**RECORDS FOR THIS TASK**
═══
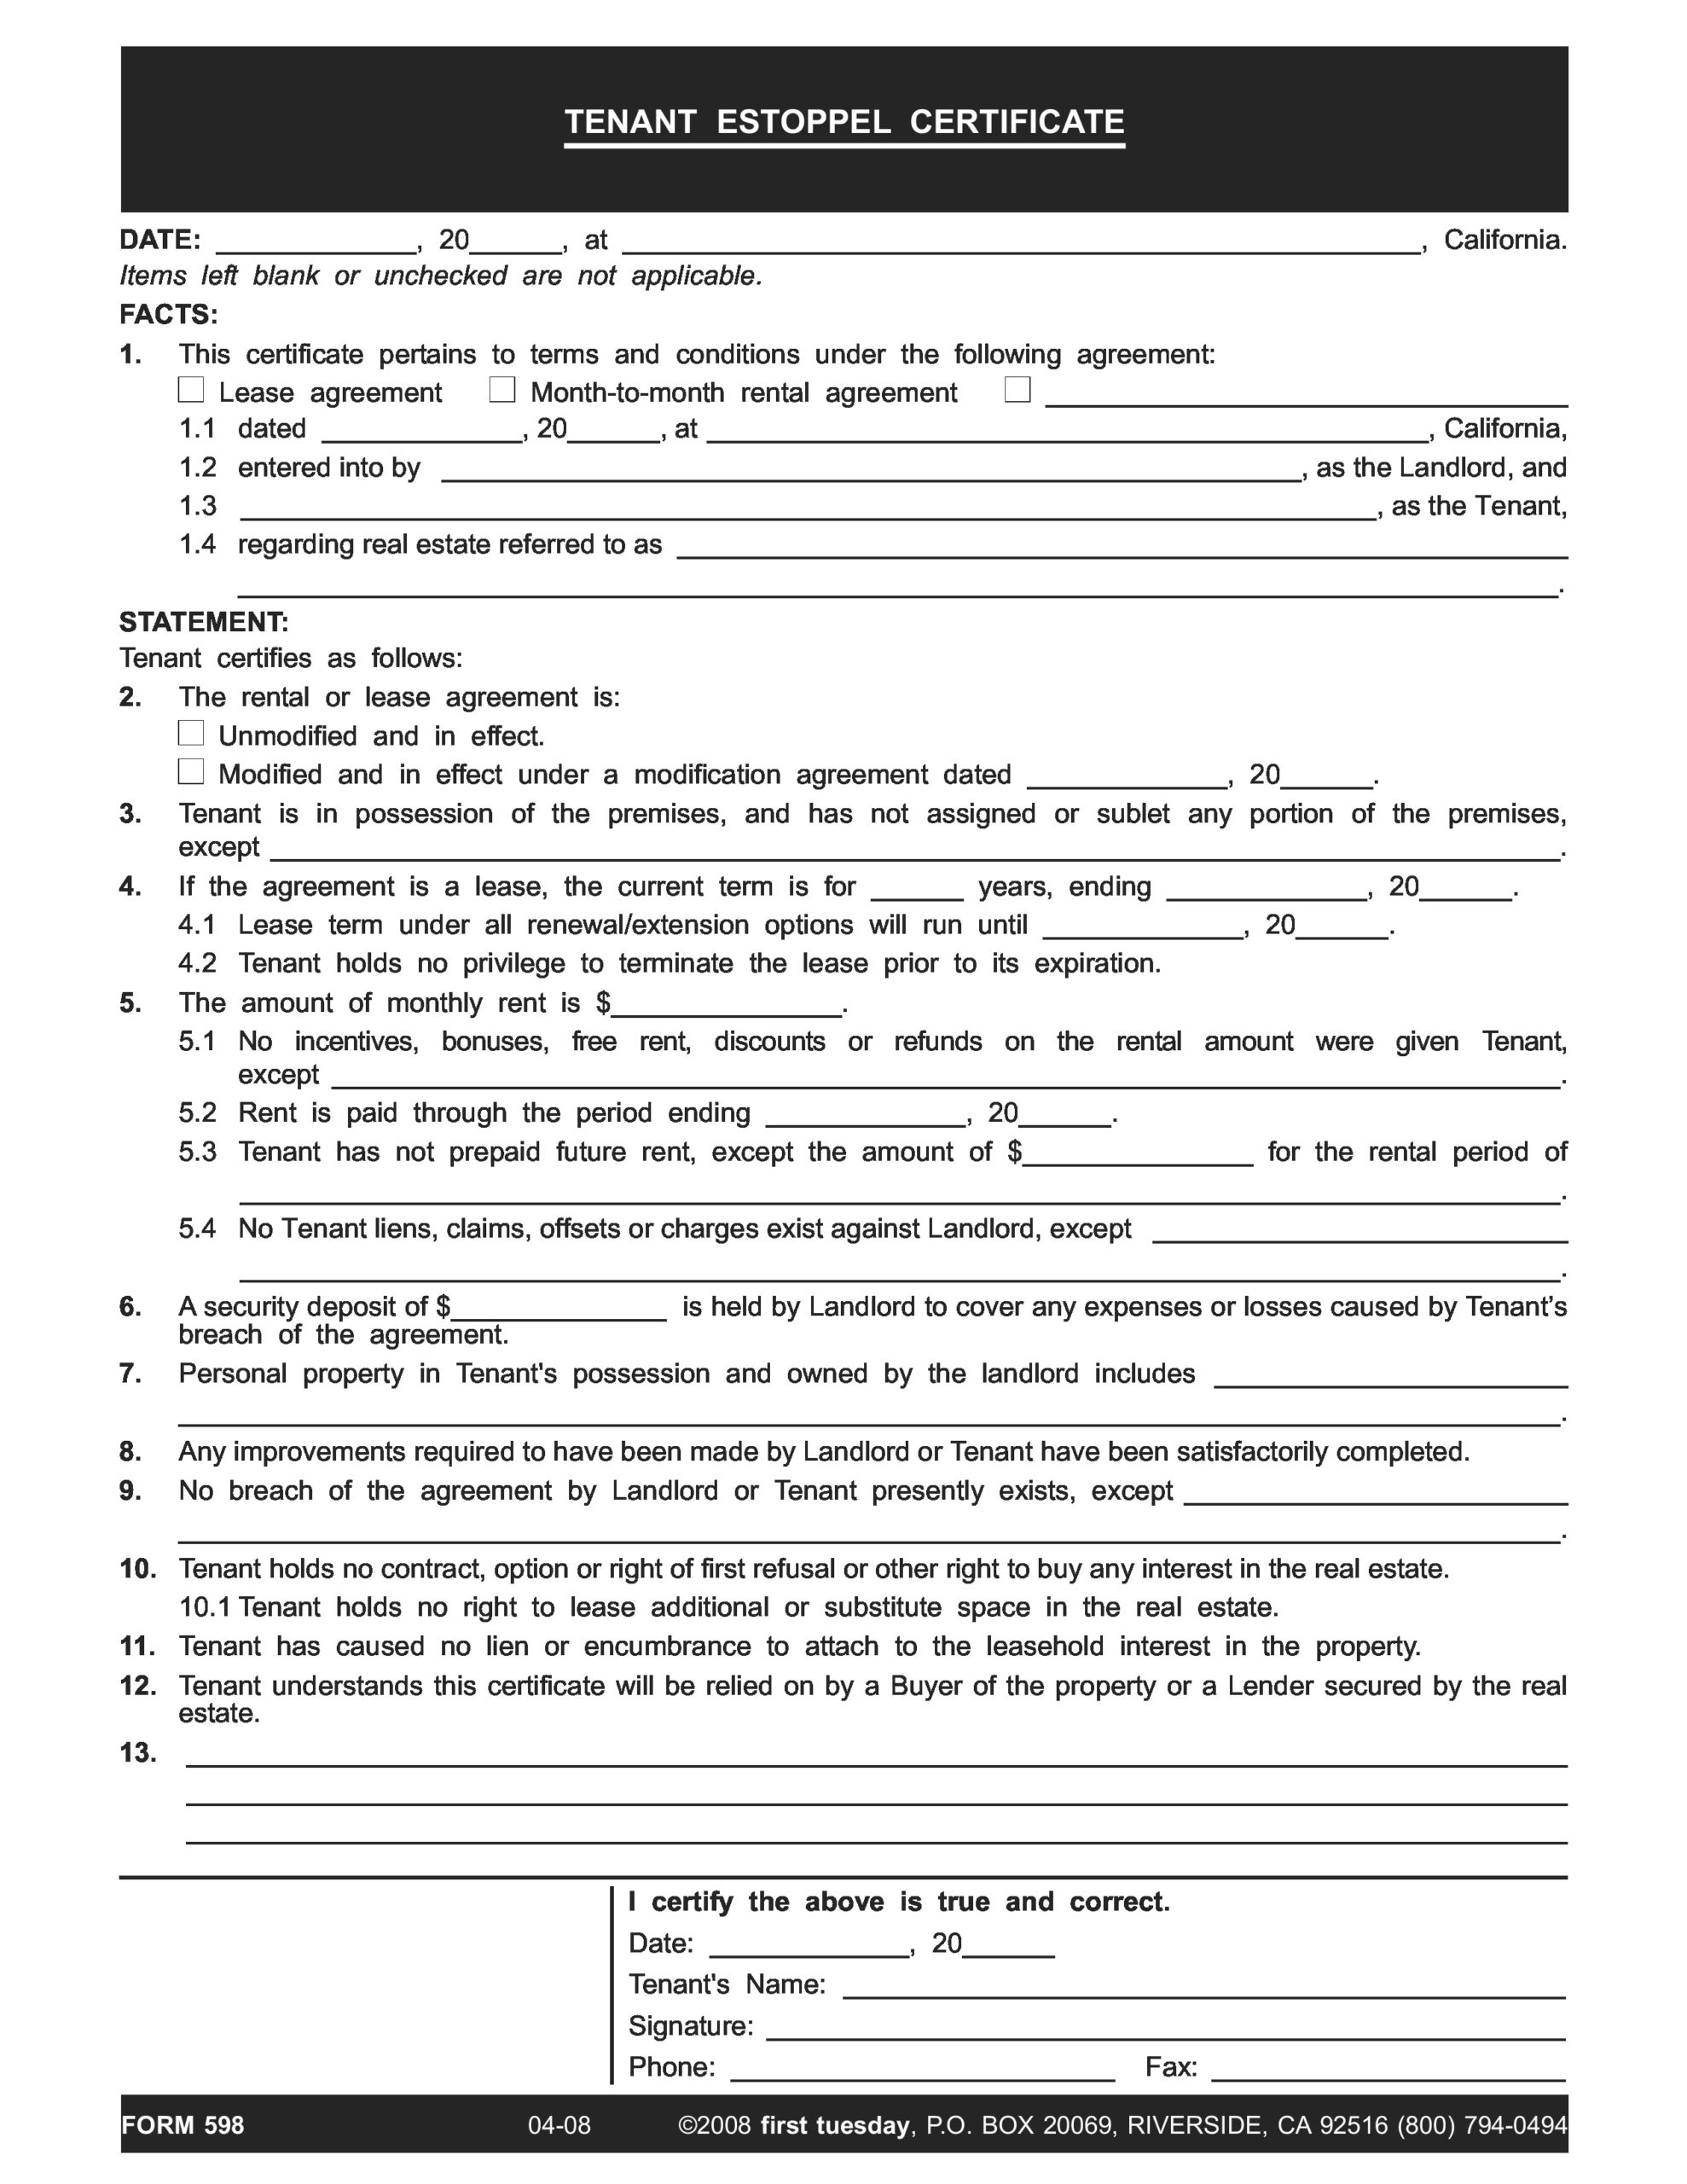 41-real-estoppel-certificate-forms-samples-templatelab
═══
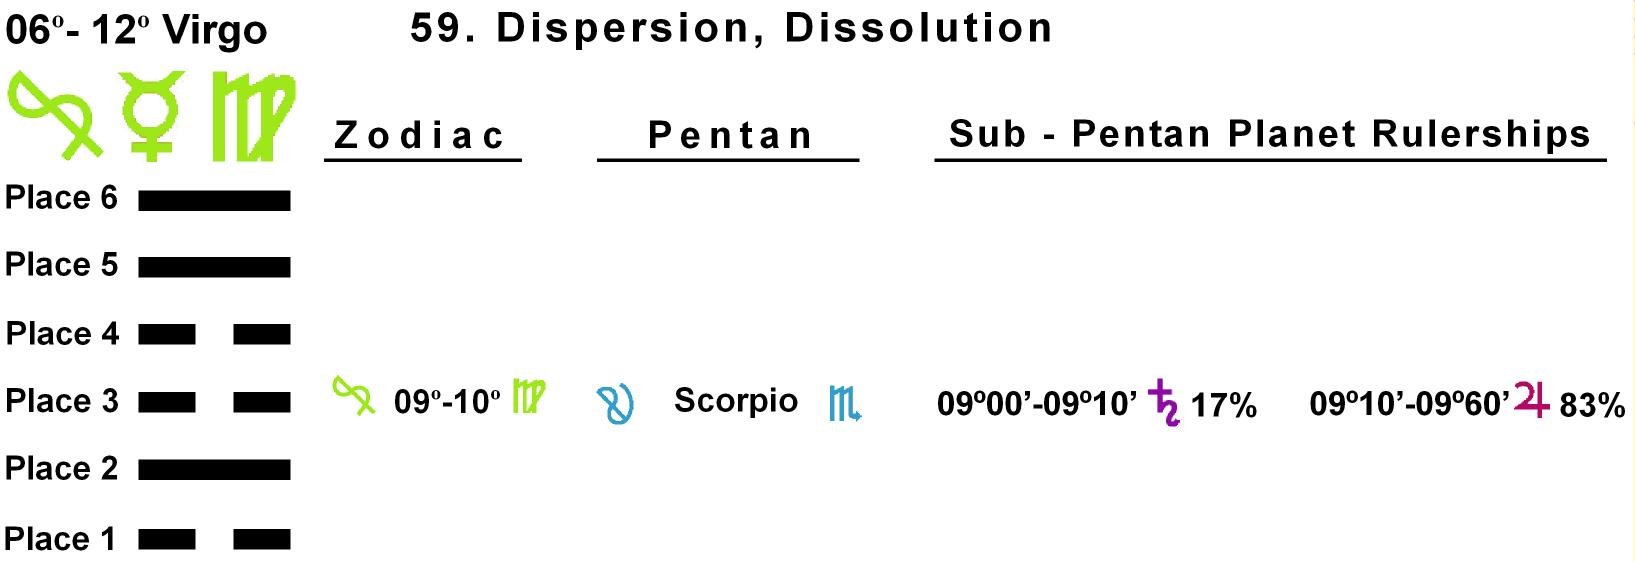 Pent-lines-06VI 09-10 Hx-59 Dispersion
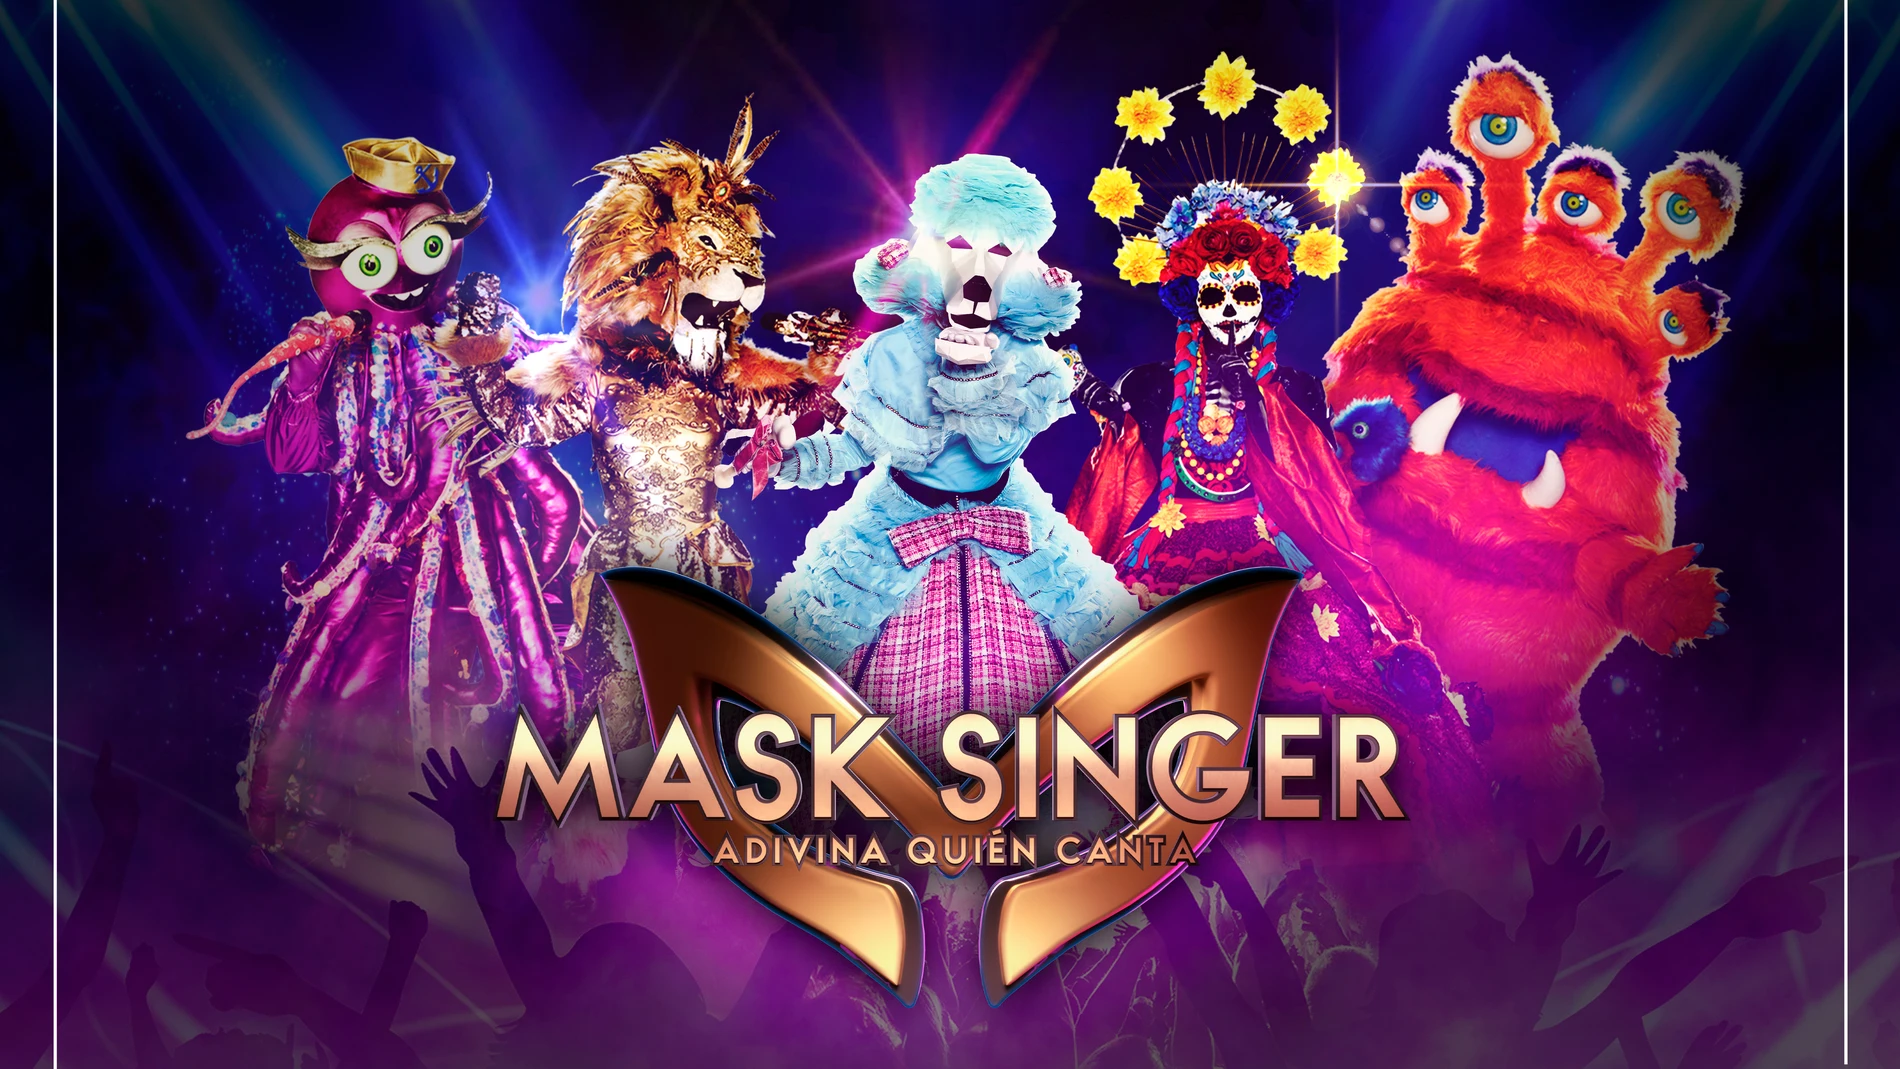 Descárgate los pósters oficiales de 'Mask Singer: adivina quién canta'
═══
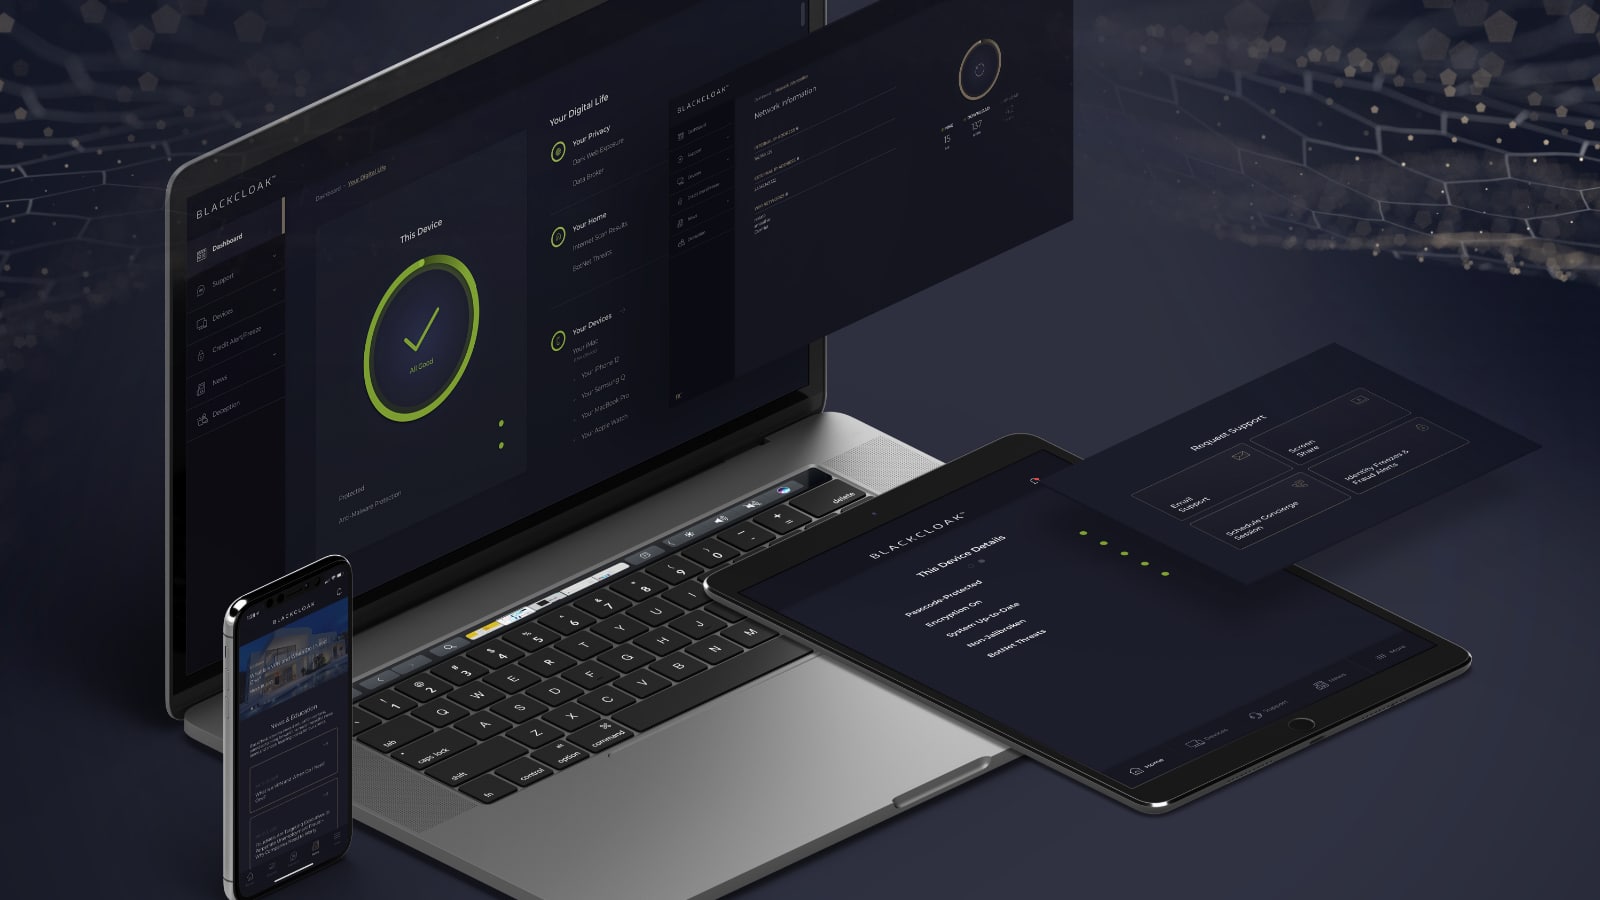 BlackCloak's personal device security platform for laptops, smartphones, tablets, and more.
═══
**PROBLEM TO WORK ON**
Using the records above, return verbatim only the part that opens with the line containing "Pent-lines-06VI 09-10 Hx-59 Dispersion" and closes with the line containing "Descárgate los pósters"; pictures stay out.

**ANSWER FOR THIS EXERCISE**
 Pent-lines-06VI 09-10 Hx-59 Dispersion
 Descárgate los pósters oficiales de 'Mask Singer: adivina quién canta'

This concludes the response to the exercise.